Recentemente, descobri que há uma nova e muito mais perigosa evolução. Os novos modelos de automóveis bloqueiam quando uma bicicleta se aproxima a alta velocidade. Tendo uma bicicleta elétrica com travões de disco, não hesitava em entrar dentro das rotundas como se não houvesse amanhã. Da última vez que o fiz, o carro que ficou à minha frente, e que eu pretendia passar por trás, bloqueou as rodas e ia provocando um acidente, sendo eu um dos potenciais envolvidos e, de certa forma, responsável.
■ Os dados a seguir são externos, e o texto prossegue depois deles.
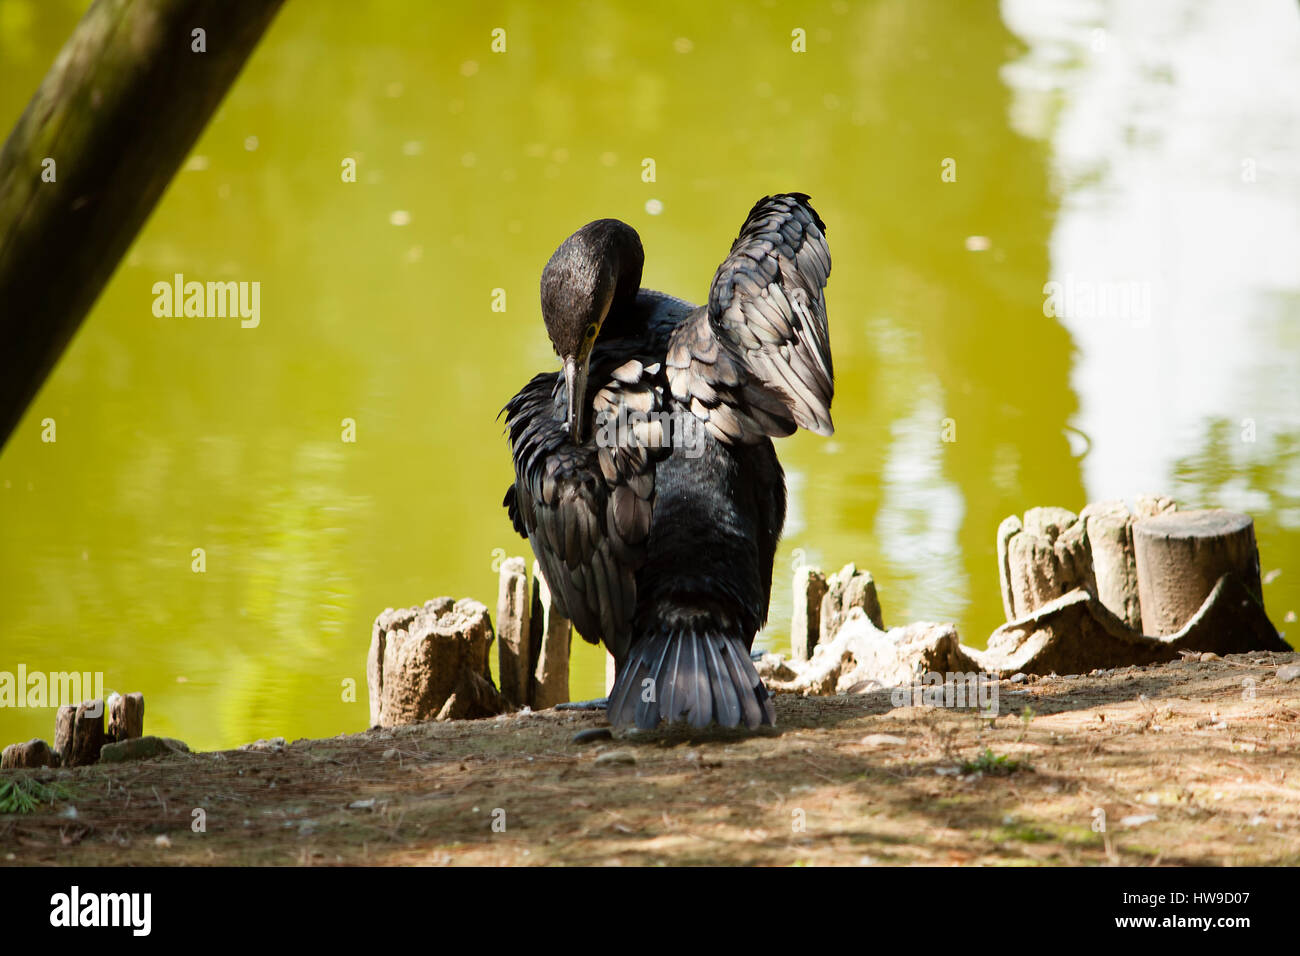 Beste Schwarze Drahtspeicherwürfel 10x16 Fotos - Schaltplan Serie ...

Fiquei meio desconcertado de tanto pasmo e, mais uma vez, fui brindado com um conjunto de palavrões que, progressivamente, começo a reconhecer… Depois de acalmar, o condutor explicou-me o que tinha acontecido e acabamos por nos rir um pouco da situação, particularmente por causa da minha cara de total espanto.
Sou o mais possível a favor do desenvolvimento tecnológico, da sua colocação ao serviço do cidadão e, particularmente, daquelas inovações que aumentam a segurança na estrada. No entanto, devia haver um género de curso ou, no mínimo, uma circular para que os ciclistas se preparassem e se precavessem para este mundo em constante mudança. Seria meio estranho que acabasse vítima de um dispositivo desenvolvido para me proteger!
* Frederico Cardigos é biólogo marinho no Eurostat. Este é um artigo de opinião pessoal. As ideias expressas neste artigo são da exclusiva responsabilidade do autor e podem não coincidir com a posição oficial da Comissão Europeia.